The Filipino and Murrawarri musician has assumed various roles over the years; musically he’s a composer, rapper, producer and drummer, and within the community a broadcaster, educator and activist. DOBBY unites all of these mantles on Warrangu. It’s a portrait of his home Brewarrina; the River Story as such being the Bogan River to the South, the Culgoa River to the North, and the Barwon River to the East.
Through field recordings and interviews with Murrawarri elders & community members, Warrangu; River Story is a keepsake of cultural knowledge, of Murrawarri connections to Country and the importance of environmental stability. But it’s also an investigation of the water theft rampant across the Murray Darling Basin over the last decade and beyond.
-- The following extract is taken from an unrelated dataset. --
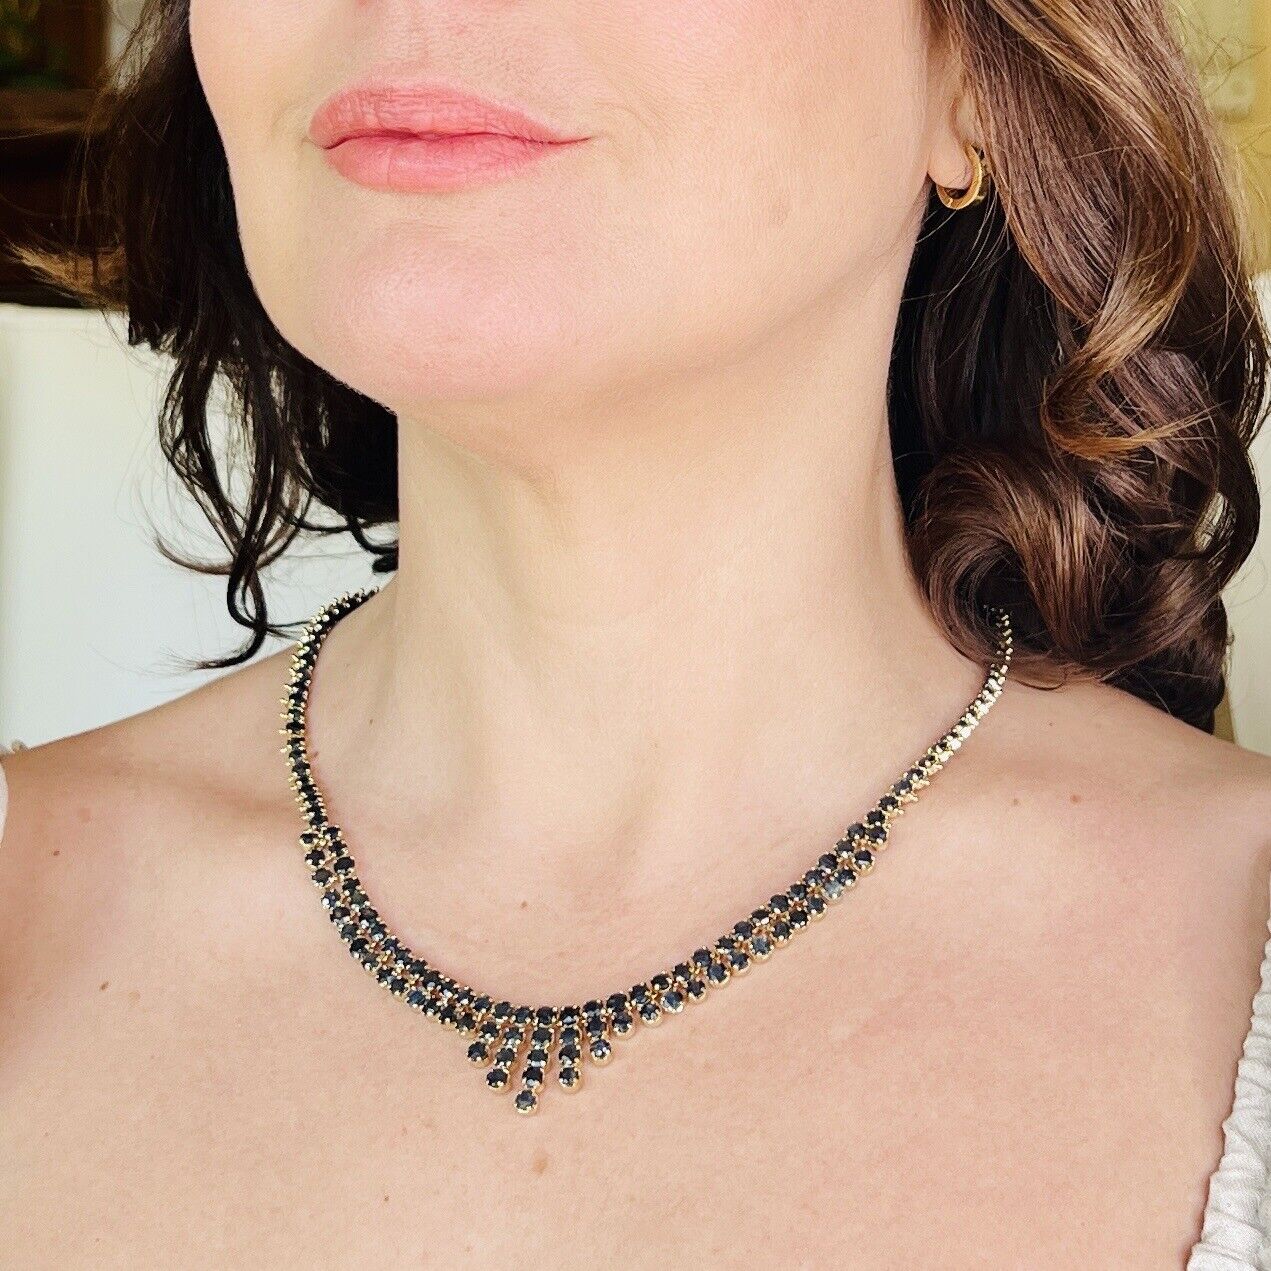 Genuine Sapphire "Cleopatra" Necklace, New 19"

It’s a crisis that went beyond simple government mismanagement, as large agricultural corporations deliberately redirected water flows away from the river and from floodplains, leaving them at dangerously low levels. A recent scandal yes – but also endemic of a deep, systemic imbalance, the terminal endpoint of a colonial system where food and commodities are not created and grown in accordance with natural ecological frameworks, but instead at an endless, all consuming thirst for profit.
DOBBY understands this well, and this album is his rallying-cry against it. Warrangu; River Story is justice from the grassroots up, a sweeping, cinematic, and deeply defiant understanding that, like the future, this River Story is not yet complete.